The majority finds Pacheco "highly instructive" in reaching its holding "that, as a matter of law, Poindexter's communications with the EEOC did not satisfy the legal requirements for exhausting a disparate-impact charge." Pacheco is distinguishable on its facts. In Pacheco, the Court of Appeals for the Fifth Circuit affirmed the dismissal of the plaintiff's disparate-impact claim for failure to exhaust administrative remedies, but the court sets forth the appropriate analysis as fact-intensive: "We engage in fact-intensive analysis of the statement given by the plaintiff in the administrative charge, and look slightly beyond its four corners, to its substance rather than its label." 448 F.3d at 789. In contrast to the correspondence between Poindexter and the EEOC, the plaintiff in Pacheco was sent a letter notifying him of the claim that was accepted for investigation and that "if he objected to the way his claim was stated, he should contact the Office within five days"; the plaintiff did not respond. Id. at 786. The court also did not address conflicting evidence as to the substance of the "administrative charge" and the "initial charges of discrimination." See, e.g., id. at 792 n. 15 (newspaper article that acknowledged statistical underrepresentation of Hispanics in federal agencies not relevant to exhaustion question because "it was not submitted to the EEO, but was produced by [the plaintiff], after suit was filed in district court").
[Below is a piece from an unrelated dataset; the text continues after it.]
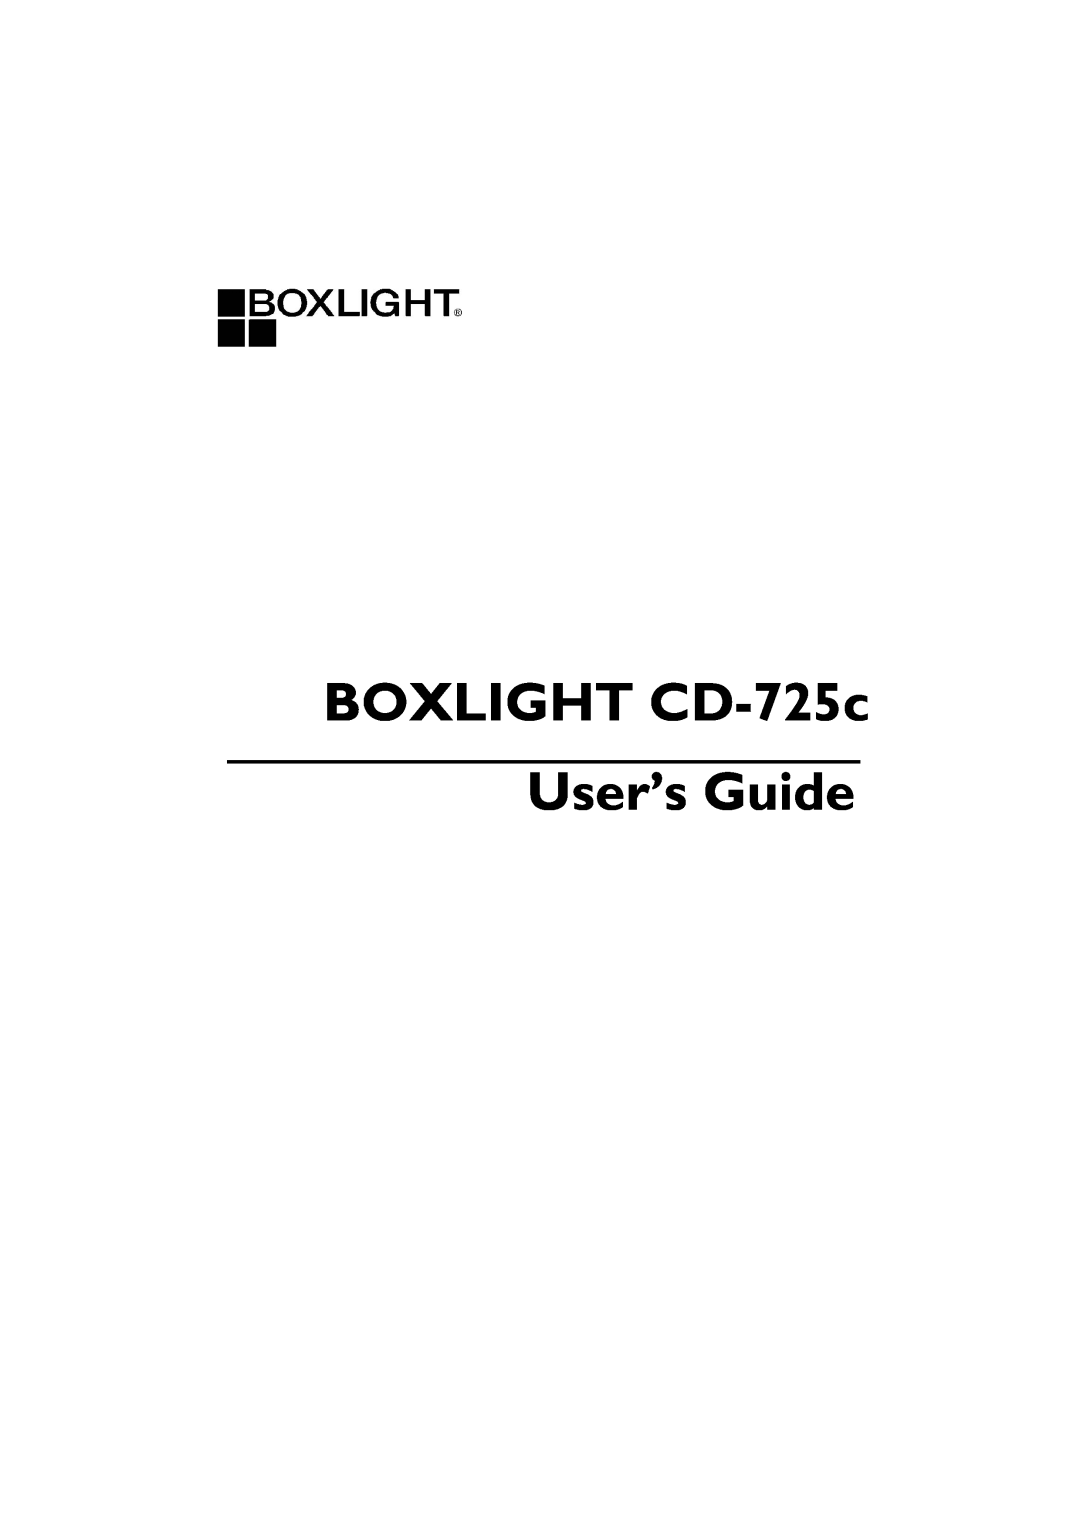 BOXLIGHT manual BOXLIGHT CD-725c User’s Guide

The claim stated in the letter was: "Whether the FAA treated you differently, based on your national origin (Hispanic), when you were not selected for a supervisor's job." Pacheco v. Mineta, 448 F.3d 783, 786 (5th Cir. 2006).
In conclusion, because the majority disregards evidence favorable to Poindexter, the non-movant, I concur only in the portion of the opinion reversing the trial court's order as to Poindexter's claims based on chapter 106 of the civil practice and remedies code and respectfully dissent to the remaining portions of the opinion reversing the trial court's order on a plea to the jurisdiction as to Poindexter's retaliation and disparate-impact claims and short-circuiting this litigant's day in court.
An alternative ground for affirming the trial court as to both the retaliation and the disparate-impact claims would be to imply that the trial court in its discretion denied the plea to the jurisdiction to "await a fuller development of the case." See Texas Dep't of Parks Wildlife v. Miranda, 133 S.W.3d 217, 227 (Tex. 2004); Worford v. Stamper, 801 S.W.2d 108, 109 (Tex. 1990). The majority concludes that an abuse-of-discretion standard does not apply "because the trial court did not purport to exercise its discretion in this regard." Because the trial court did not make findings of fact and conclusion of law, however, we are to affirm the trial court's order denying the plea to the jurisdiction if it can be upheld on any legal theory that finds support in the evidence. See Miranda, 133 S.W.3d at 227; Worford, 801 S.W.2d at 109 ("The judgment must be affirmed if it can be upheld on any legal theory that finds support in the evidence.").